Workaround: A cross-section of the relevant ancient paralogies was loaded during production, involving genes with stable IDs TraesKAR6A01G0279700, TraesKAR7B01G0056390, TraesKAR7B01G0463280 and TraesKAR1D01G0304830. Due to the large number of paralogies involved, these may fail to load correctly on the Ensembl Plants website, though it should be possible to access them via the Ensembl REST API and Compara Perl API.
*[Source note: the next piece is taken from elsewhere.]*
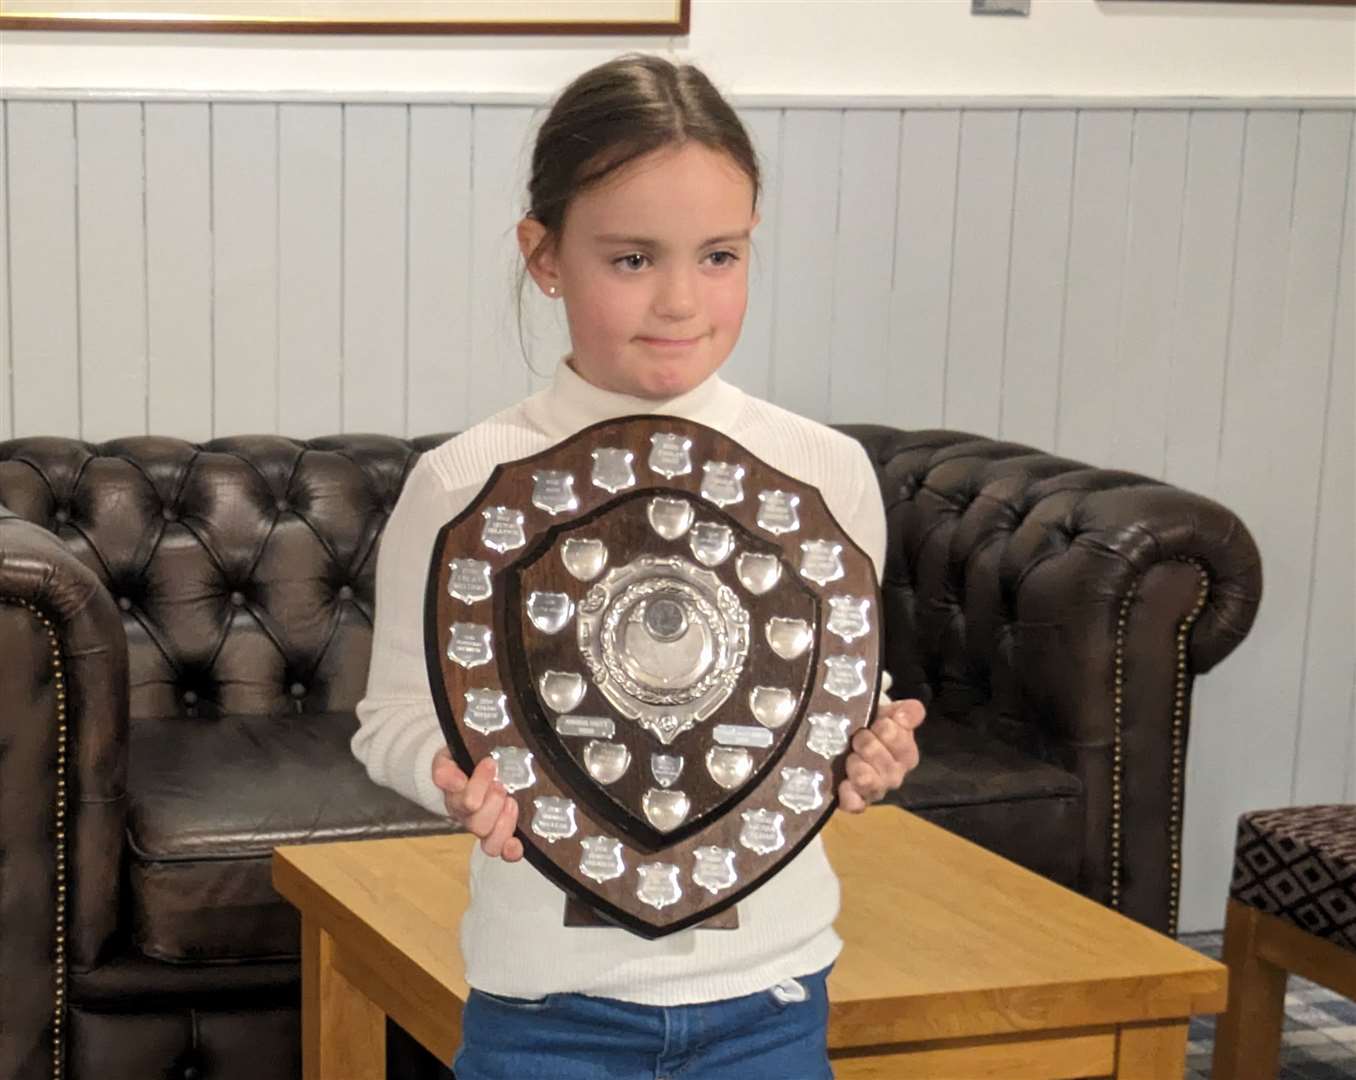 Ruby Stevenson, of Invershin, took home a handsome shield after coming top in the 10 and under category of Inverness Piping Society’s junior piping competition, held at the city's Army Reserve Centre last Saturday.

A file containing data on these 40,000 genes is available for download at the following location on the Ensembl Genomes FTP site:
http://ftp.ensemblgenomes.org/pub/release-60/plants/emf/ensembl-compara/homologies/Compara.113.protein_wheat_cultivars.other_paralogies.cds.fasta.gz

Issues affecting Cactus alignments

Affects: Live siteExpected fix: Timeline currently unknown
Description: Long loading times were observed during testing of several Cactus alignments, so the following measures were adopted to mitigate this.
Cactus alignments accessed via the API are filtered to remove shorter alignment blocks. This may cause Cactus alignments to appear sparse when viewed at larger scales, so please view Cactus alignments at the smallest scale that allows for viewing the feature(s) of interest.
In the image alignment view, gene tracks are switched off by default for all but the current genome. In addition, alternative gene model tracks are switched off by default in the 16-Wheat Cactus alignment. Please switch on gene tracks as needed using the configuration bar at the top of the alignment view.
Because the 16-Wheat Cactus alignment was loaded separately for each component (A, B and D) and non-polyploid genomes were included in alignments for all three components, particularly long loading times were observed when viewing this alignment from non-polyploid genomes, so the Wheat Cactus has been removed from the alignment selection dropdown menu for non-polyploid genomes on the Ensembl Plants website. Their alignments can be viewed from the perspective of polyploid genomes.
In an issue unrelated to loading time, the 16-Wheat Cactus alignment has in effect 3 species trees — one per genome component — so this alignment has a single dummy species tree to facilitate access to the alignment, which is hidden from view on the Ensembl Plants website. The full Wheat Cactus species tree can be accessed via the Compara API or from the Plants species-tree location on the Ensembl Genomes FTP site: http://ftp.ensemblgenomes.org/pub/release-60/plants/compara/species_trees/16_wheat_Cactus_default.nh
We aim to address these issues more comprehensively in Ensembl 114 and subsequent releases.
Workaround: There is currently no workaround.

Incorrect allele and genotype frequency in Watkins Collection

Affects: Ensembl Plants 60Expected fix: Ensembl Plants 61
Description: Approximately 1% of the wheat variants that were loaded from the Watkins Collection has an incorrect allele and genotype frequency. This results from sample overlap between the Axiom and the Watkins Collection.
Workaround: There is currently no workaround.